Do I need to gather and train on more data? If I don’t have access to data for my use case, can I use data from any other domain as long as they are conversations? Say, from podcasts?

For how long do I train the model for? Are there any best practices around choosing number of epochs, etc.?

I am looking to improve the performance of my model and can really use some help! I have looked online but can’t find a clear answer. I understand that in a lot of cases, you need to experiment what works for you but there are so many possibilities and I am looking for a starting point, as a beginner in this field.

Thank you for your help!

When i run the trainer.train(), it comes with the following error:
TypeError: ‘NoneType’ object is not callable.

The attention_masks returned by tokenize_function will be equal to the sequence length passed.

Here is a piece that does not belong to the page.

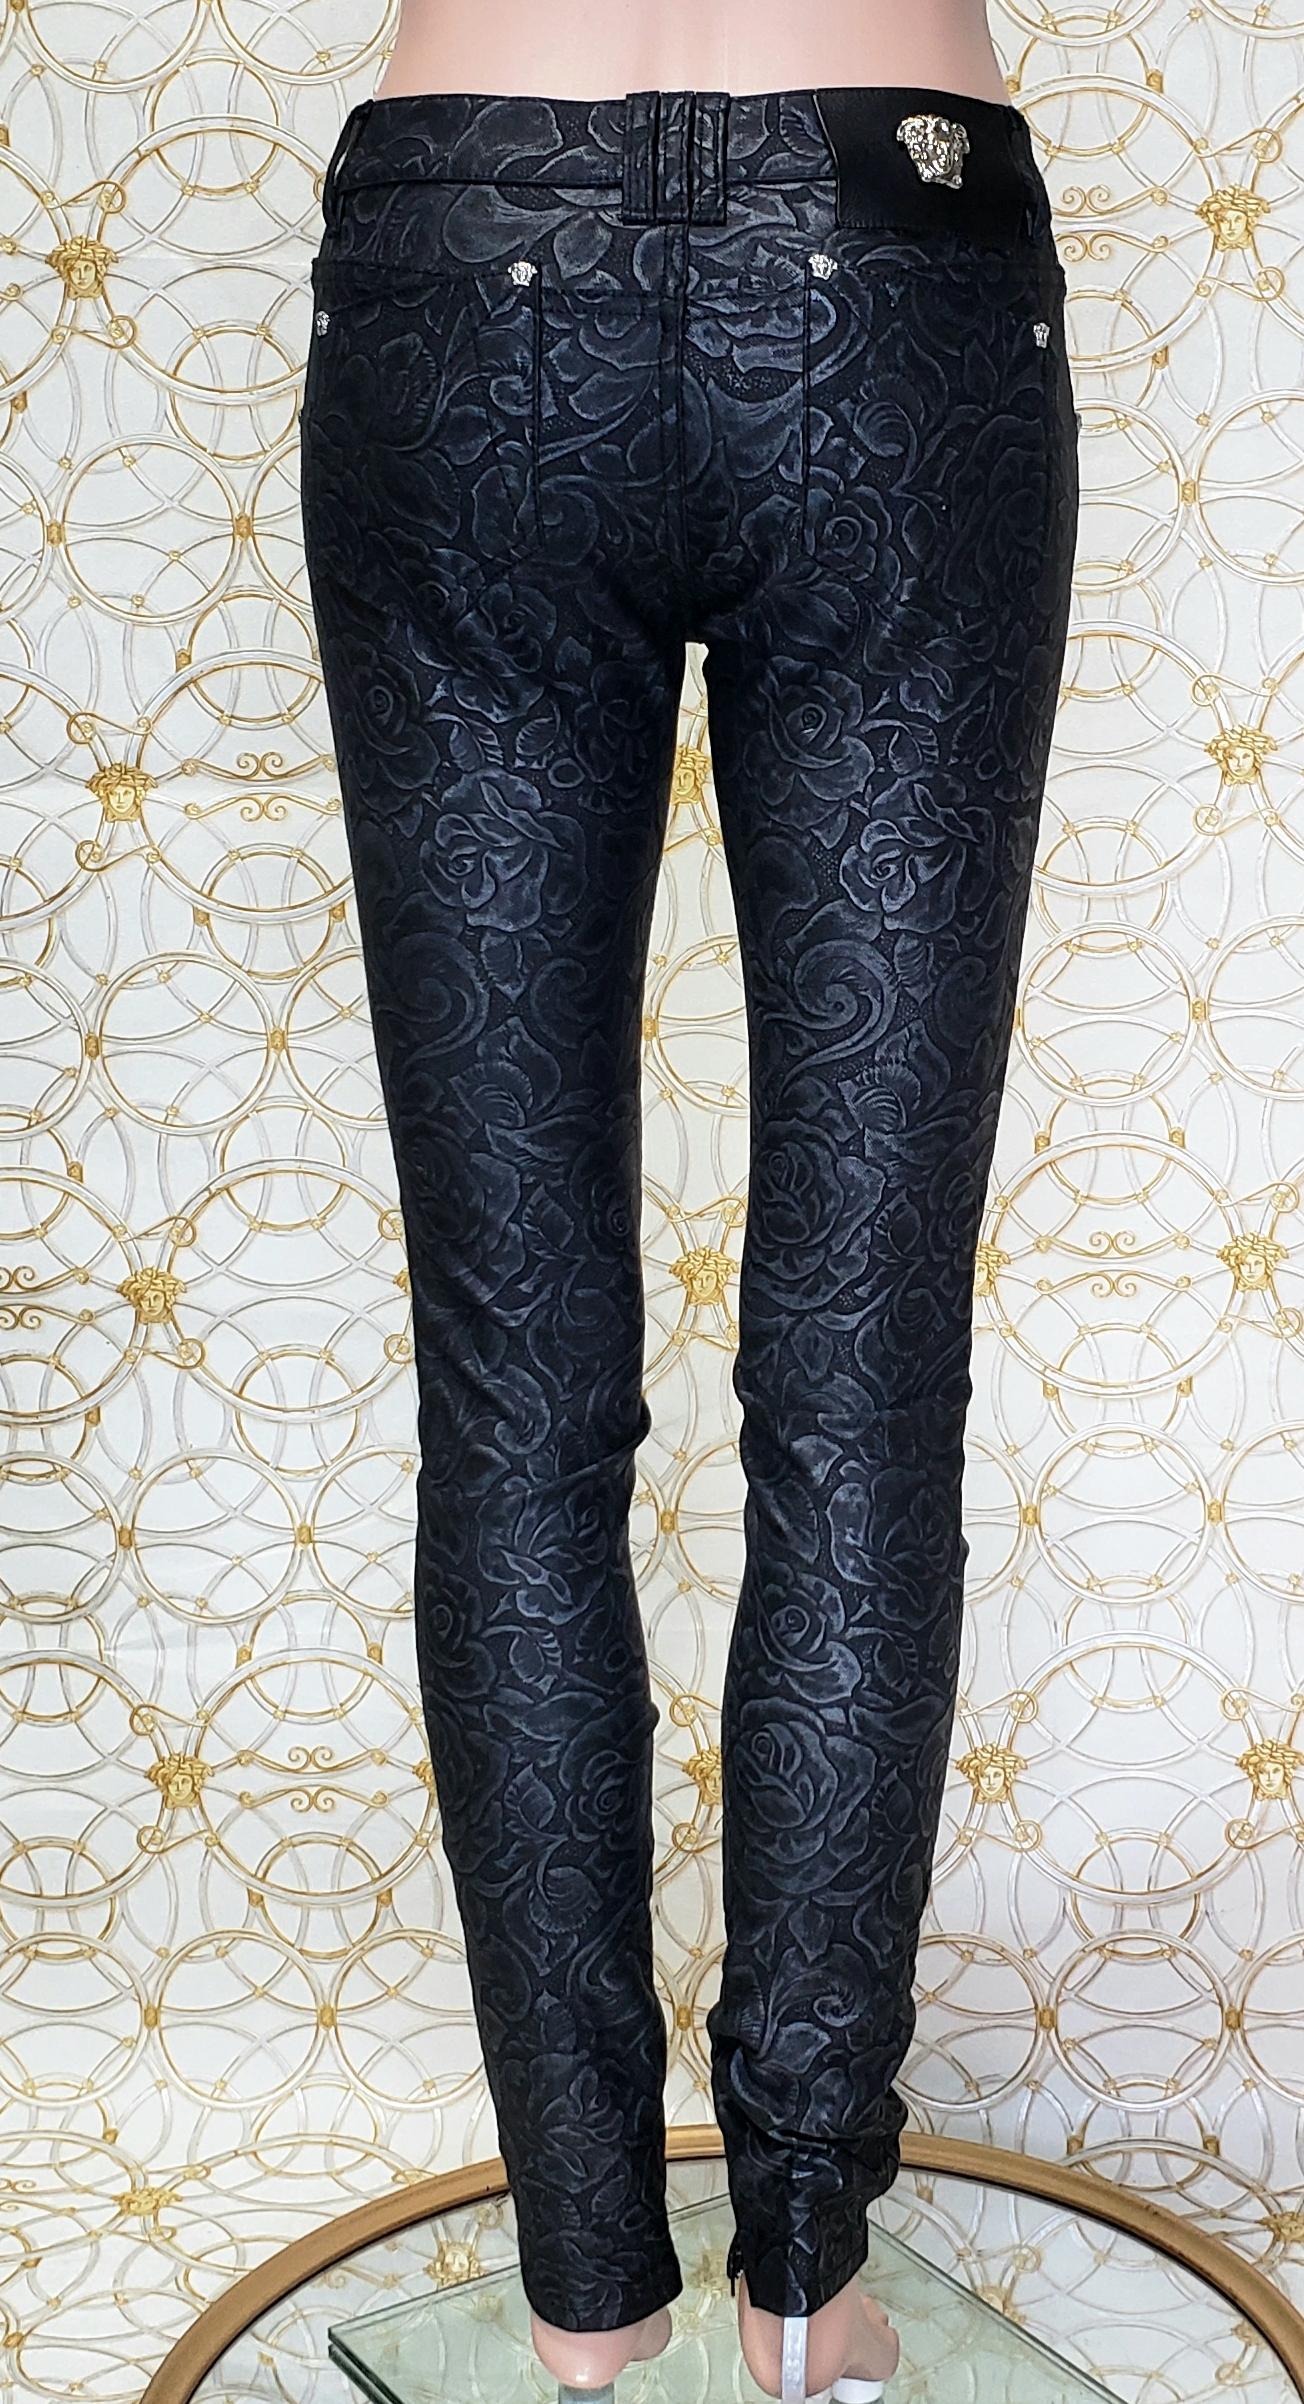 Black S/S 2014 Look # 5 VERSACE BLACK FLORAL JEANS PANTS size 26 For Sale

Also, it will all be 1’s. DataCollatorWithPadding will add 0’s to the attention_mask based on the longest sequence in the batch.

  • based on the example in the chapter.
1 Like

I am working on the last ‘Try out!’ in Chapter 3 section ‘Fine-tuning a model with the Trainer API’. Everything goes fine until the code line ‘trainer.train()’ as it is showed in the image.

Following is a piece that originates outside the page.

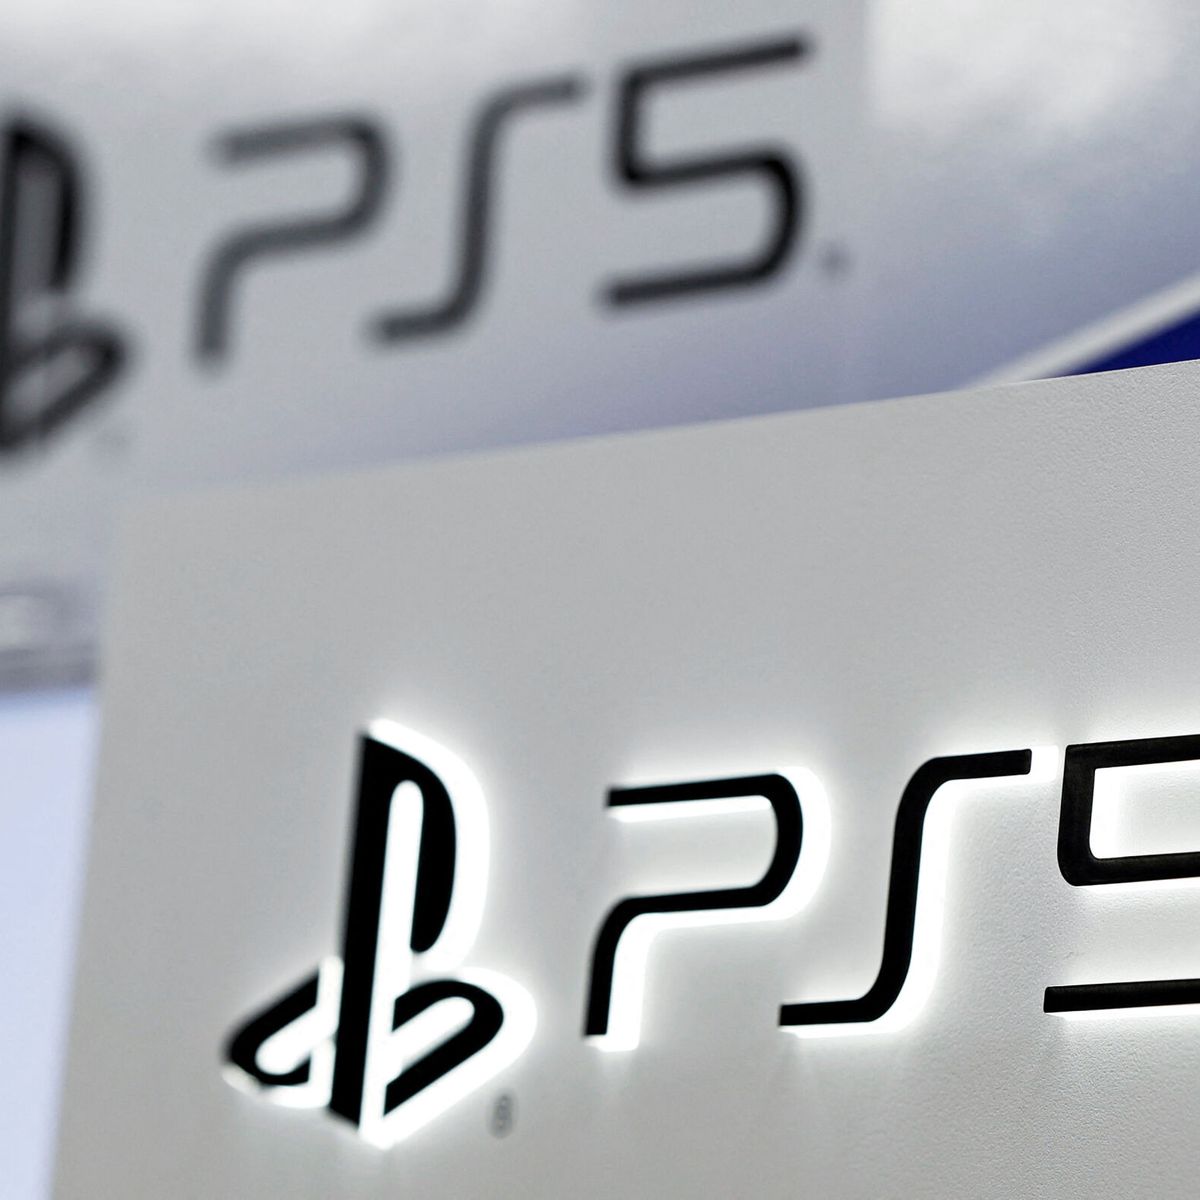 Sony podía haber reinventado la PlayStation. Lo que va a conseguir es  evitar divorcios

Please help me to solve this error.

1 Like

In Chapter 3, section '‘Fine-tuning a model with the Trainer API’. ’ when I run into the following error when I istantiate the TrainingArguments Class.
The accelerate module is already installed in the requested version.

The issue happens in the linked colab exercise notebook.

Any idea how to fix it?


---------------------------------------------------------------------------

ImportError                               Traceback (most recent call last)

<ipython-input-3-11170ce17e38> in <cell line: 3>()
      1 from transformers import TrainingArguments
      2 
----> 3 training_args = TrainingArguments("test-trainer")

4 frames

/usr/local/lib/python3.10/dist-packages/transformers/training_args.py in _setup_devices(self)
   1799         if not is_sagemaker_mp_enabled():
   1800             if not is_accelerate_available(min_version="0.20.1"):
-> 1801                 raise ImportError(
   1802                     "Using the `Trainer` with `PyTorch` requires `accelerate>=0.20.1`: Please run `pip install transformers[torch]` or `pip install accelerate -U`"
   1803                 )

ImportError: Using the `Trainer` with `PyTorch` requires `accelerate>=0.20.1`: Please run `pip install transformers[torch]` or `pip install accelerate -U`


---------------------------------------------------------------------------
NOTE: If your import is failing due to a missing package, you can
manually install dependencies using either !pip or !apt.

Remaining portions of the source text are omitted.